How the call on model_v1 influences the variable of model_v2.

I am new to pytorch. Any help would be appreciated!

Are the model updates working separately and is the issue thus raise only in the current setup?
Also, is similarity_matrix or a model manipulating some tensors inplace?

1 Like

Thank you for the replay!
Yes.
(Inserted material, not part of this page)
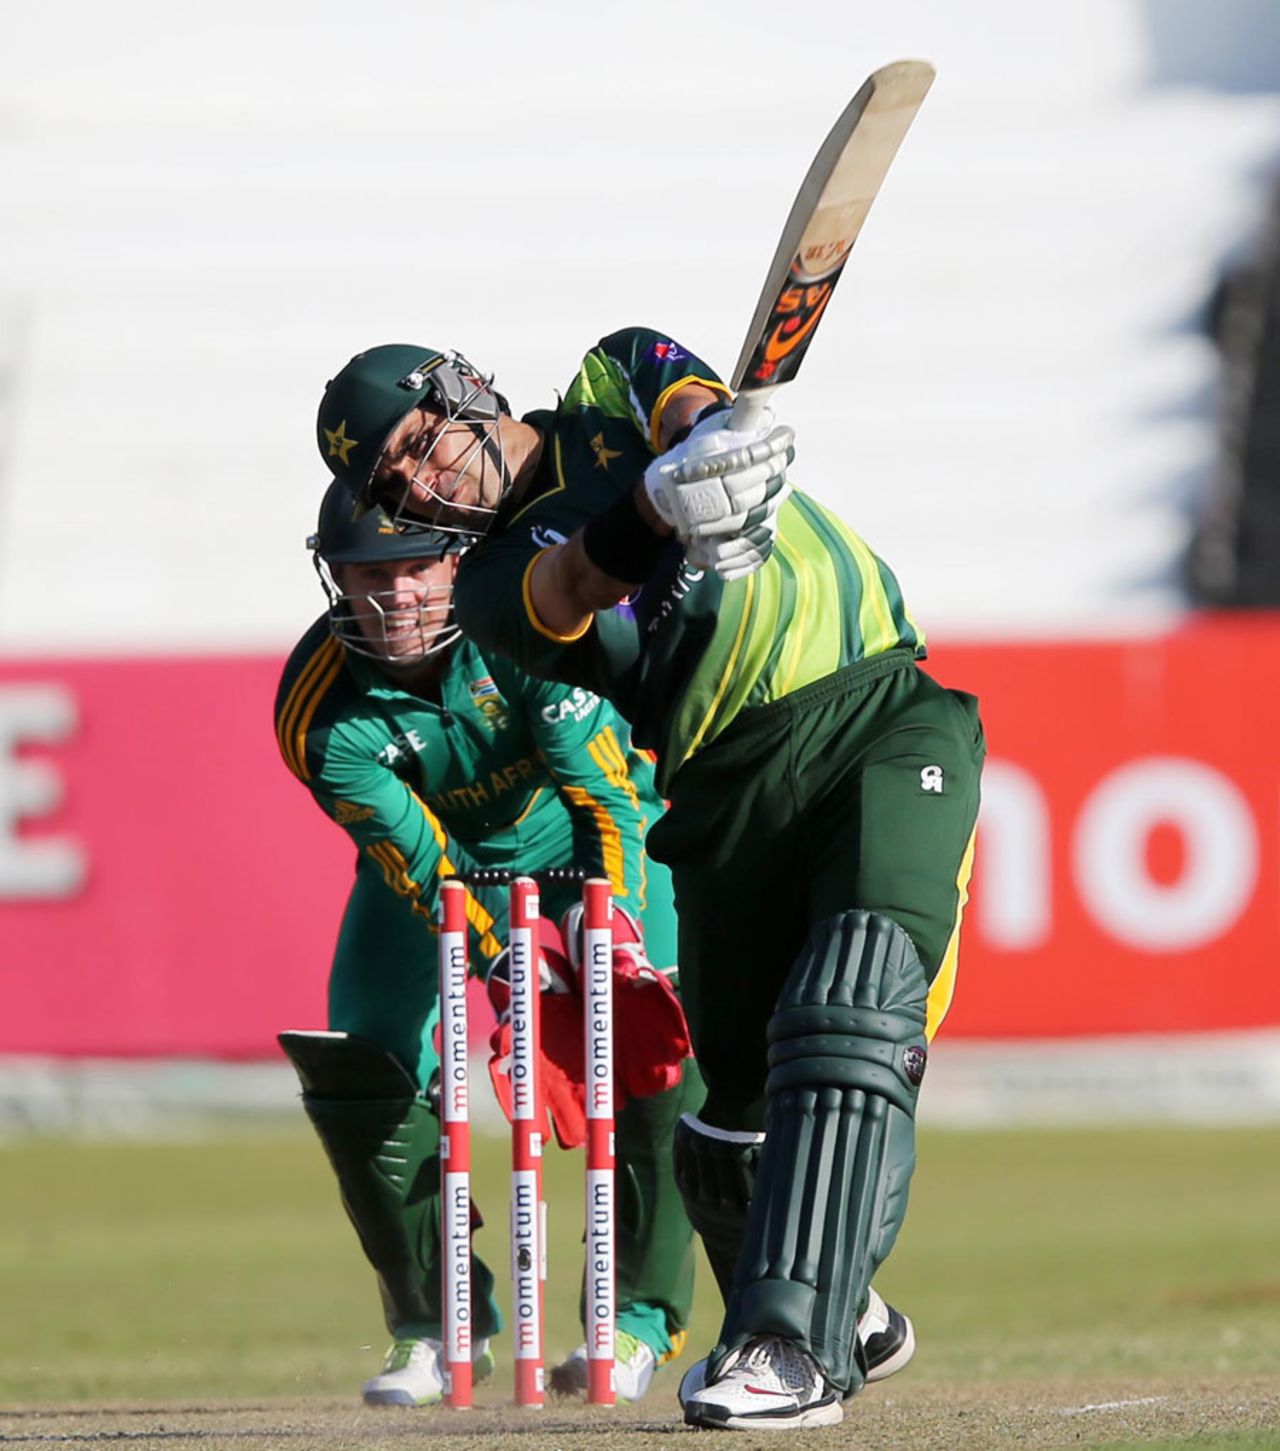 Misbah-ul-Haq launches down the ground, South Africa v Pakistan, 4th ODI, Durban, March 21, 2013

They work fine separately during the initialization step, and I don’t think I use in-place operation in the similarity_matrix() and custom_loss().
I initialize the models on their own like this:

    print("initializing model_v1")
    for epoch in range(5):

        for i in range(len(splitted_v1)):
            train = splitted_v1[i]
            # ===================forward=====================
            output = model_v1(train.float())
            loss = torch.norm(output-train, p='fro')
            # ===================backward====================
            optimizer_v1.zero_grad()
            loss.backward()
            optimizer_v1.step()
        # ===================log========================
        print('epoch [{}/{}], loss:{:.4f}'
              .format(epoch + 1, 5, loss))
        lr_scheduler_v1.step()

    print("initializing model_v2")
    for epoch in range(5):

        for i in range(len(splitted_v2)):
            train = splitted_v2[i]
            # ===================forward=====================
            output = model_v2(train.float())
            loss = torch.norm(output - train, p='fro')
            # ===================backward====================
            optimizer_v2.zero_grad()
            loss.backward()
            optimizer_v2.step()
        # ===================log========================
        print('epoch [{}/{}], loss:{:.4f}'
              .format(epoch + 1, 5, loss))
        lr_scheduler_v2.step()

Here is similarity_matrix:

def similarity_matrix(y_pred):
    # S = [\hatX_k \dot \hatX_k^T / p_k]
    s = torch.mm(y_pred, y_pred.t())/y_pred.size()[1]
    return s

Here is custom_loss:

def custom_loss(y_pred, y_true, s_v, local_s):
    S = similarity_matrix(y_pred)
    loss = torch.tensor(0, requires_grad=True, dtype=float)
    for i in range(S.size(0)):
        x = S[i] + sys.float_info.epsilon
        temp = x * torch.log(x) + (1 - x) * torch.log(1 - x)
        loss = loss - temp.sum()

    loss3 = loss/y_pred.size(0)
    # frobenius norm || \hatX_k - X_k ||^2_F
    loss1 = torch.norm(y_pred-y_true, p='fro')

    loss2 = torch.norm(s_v-local_s, p='fro')
    total_loss = loss1 + loss2 + loss3
    return total_loss

Thanks for the code. Sorry, but I cannot find the error.
Could you post a minimal, executable code snippet using random input tensors, so that we could debug it, please?

1 Like

I solve this problem. There was nothing wrong in the code, and pytorch and torchvision were up to date. I thought it may be caused by incompatibilities between packages, so I reinstall anaconda and its environment. Then it works. Thank you very much!